Martin Kelm (* 1930) war langjähriger Leiter des Amtes für industrielle Formgestaltung ? (AIF) und ab 1972 in dieser Funktion Staatssekretär beim Ministerrat.
Biographisches:
Die Karriere des nach Einschätzung von Kollegen eher mäßig begabten Designers Kelm, dessen "bahnbrechende" Arbeiten die Gestaltung eines Fernsehgerätes und eines Portaldrehkrans waren, hing untrennbar mit dem Aufstieg von Erich Honecker zusammen. Kelms Ehefrau war jahrzehntelang Honeckers Chefsekretärin, und an der beruflichen Entwicklung von Martin Kelm lässt sich prototypisch das Wirken des berühmten "Vitamin B" nachweisen.

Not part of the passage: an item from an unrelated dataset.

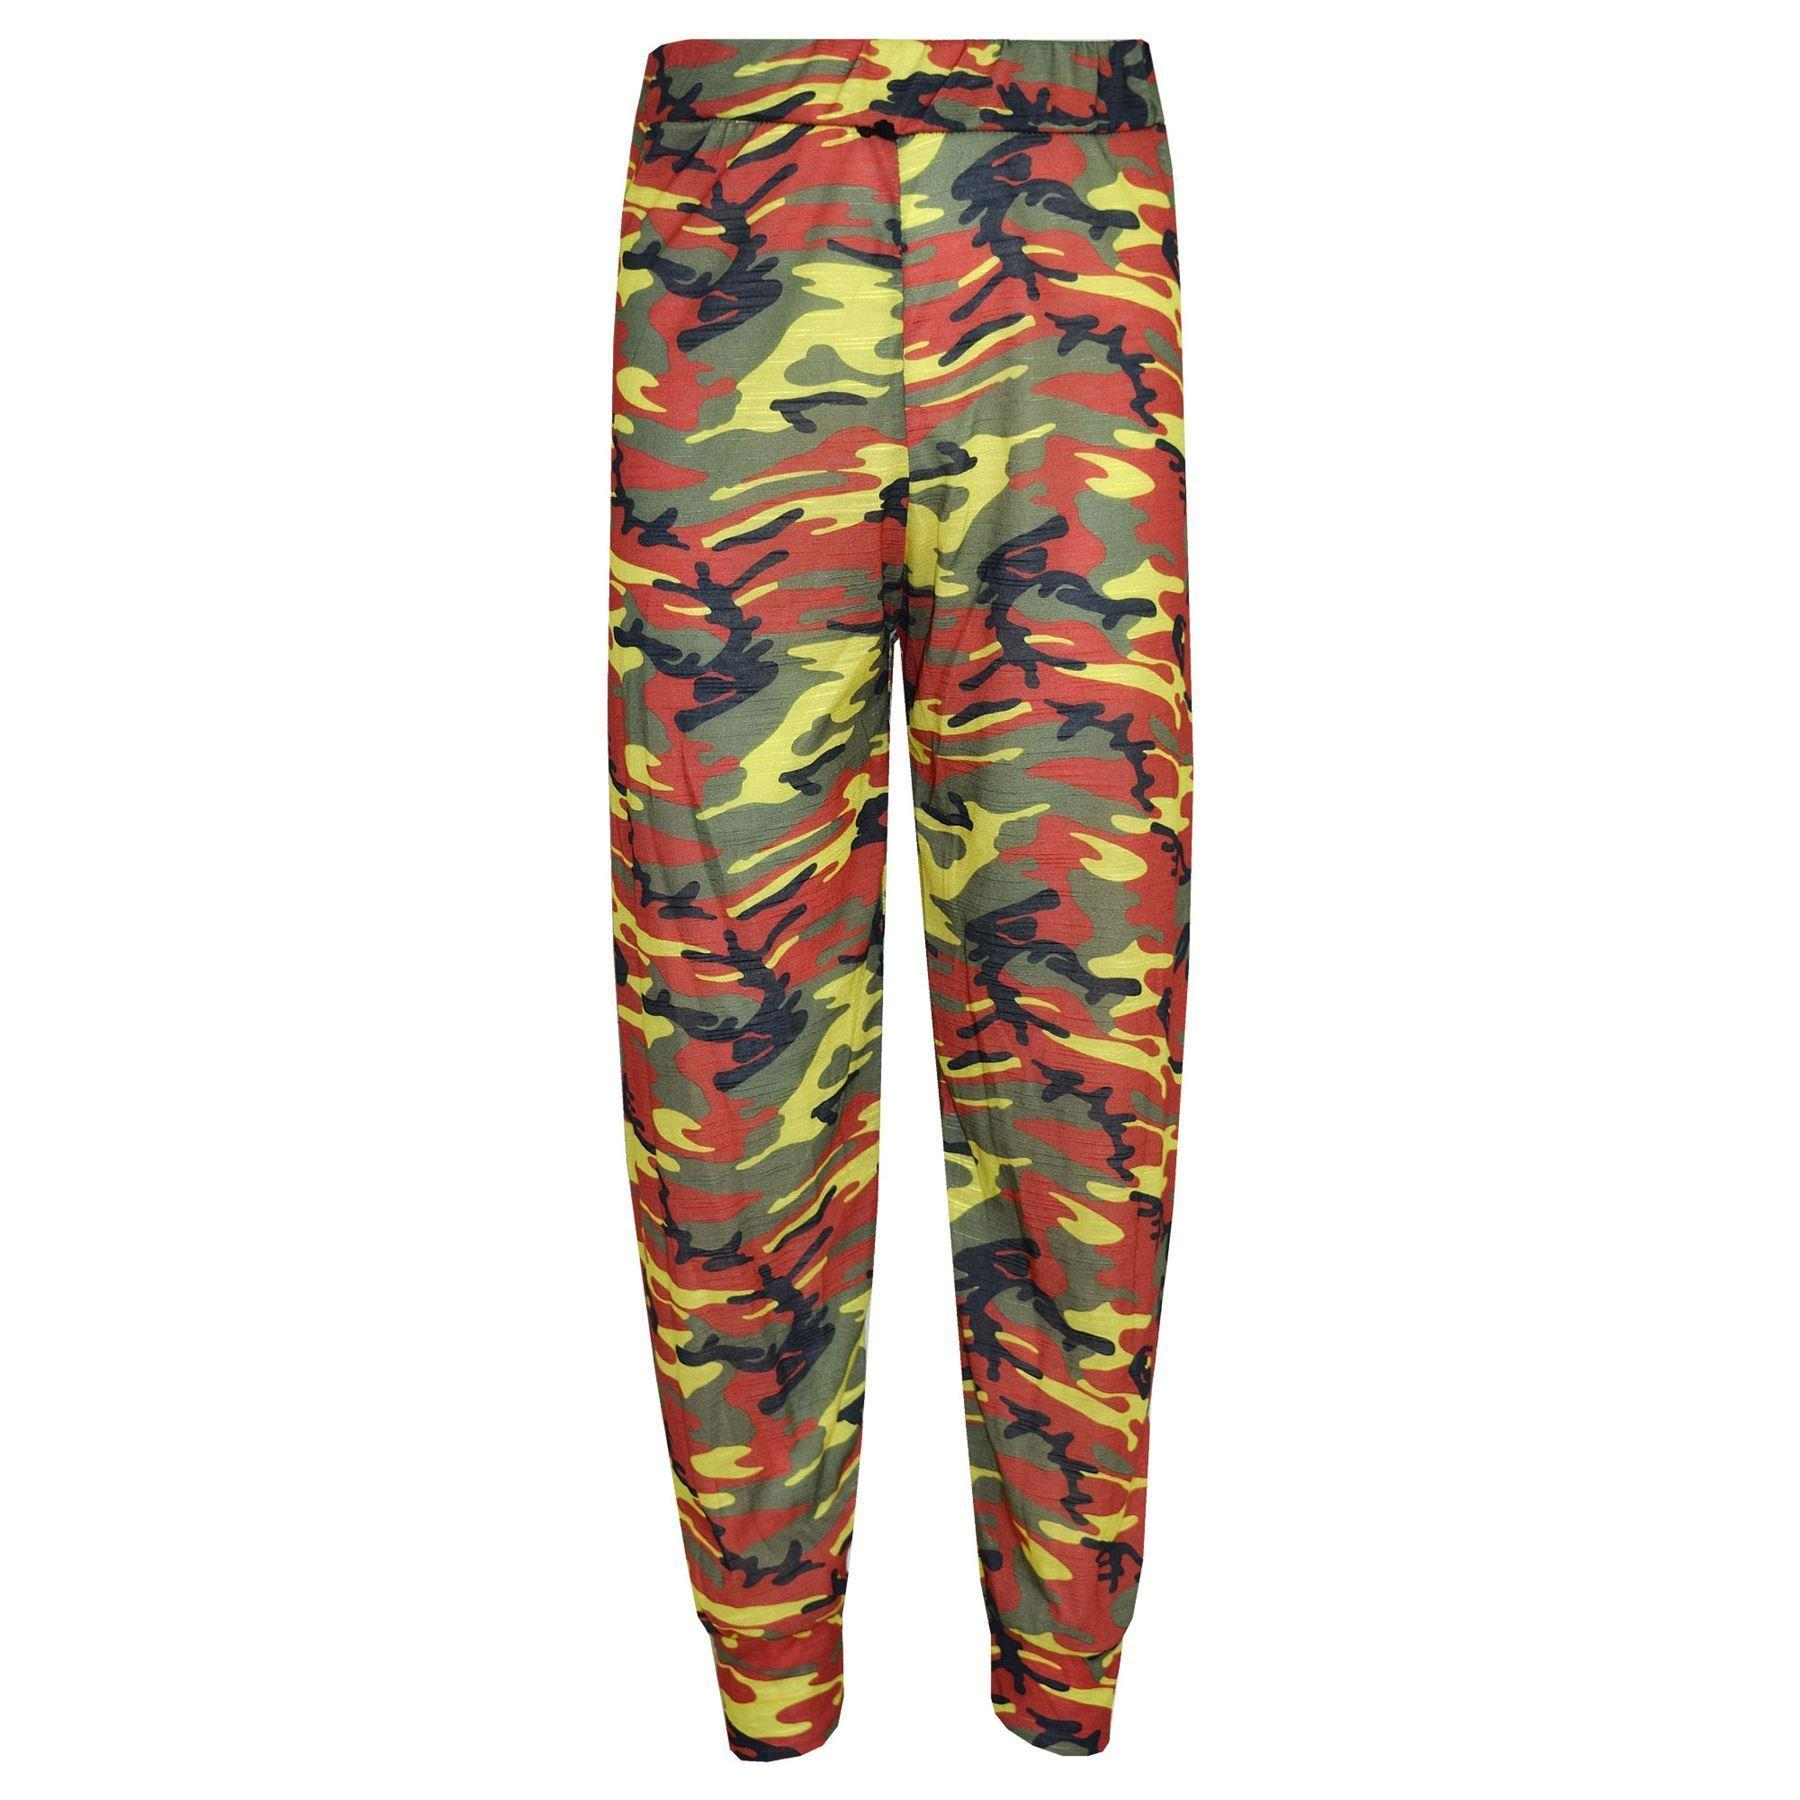 Girls-NEW-YORK-BROOKLYN-98-ATHLECTIC-Camouflage-Print-Top-amp-Legging-Set-7-13-Yr thumbnail 27

Die gestiegene Bedeutung von Honecker nach dem von ihm organisierten Mauerbau bewirkte ebenso einen Karrieresprung für Kelm, wie Honeckers Ernennung zum Ersten Sekretär der SED (jeweils mit ca. 1 Jahr Latenz).
Nach dem Sturz Honeckers 1989 waren auch Kelms Tage als Staatssekretär gezählt.
Kelm sah seine Aufgabe in der "Erziehung" des Bürgers durch die Formgestaltung ? - Erziehung im Sinne des Marxismus-Leninismus. Insofern sind manche Gebrauchsmängel von DDR-Konsumgütern ? nicht ausschließlich oder unmittelbar auf Materialknappheit und Produktionsengpässe zurückzuführen. Dem wirtschaftlichen Zwang als Ausdruck des Klassenkampfs mit dem "Gegner" Kapitalismus ? wurde unter Kelms Ägide das Design bereitwillig untergeordnet.
Folglich gab es in der DDR während ihrer letzten beiden Jahrzehnte - mit Ausnahme der zum Abschöpfen von Kaufkraft gedachten "Luxusgüter" - kaum auf Verkaufsförderung ausgerichtete Produktgestaltung (und keine Produktreklame). Wenn dieser Zustand von vielen Neu-Bundesbürgern im Rückblick auch als angenehm betrachtet wurde, darf nicht übersehen werden, dass bei den Vorgaben des zeitweiligen Bauhaus ?-Kurators Martin Kelm für das Produktdesign eben nicht der Mensch im Mittelpunkt stand: ein grundsätzlicher Mangel, der sich in vielen lieblos gestalteten und unzweckmäßigen Gebrauchsgütern niederschlug.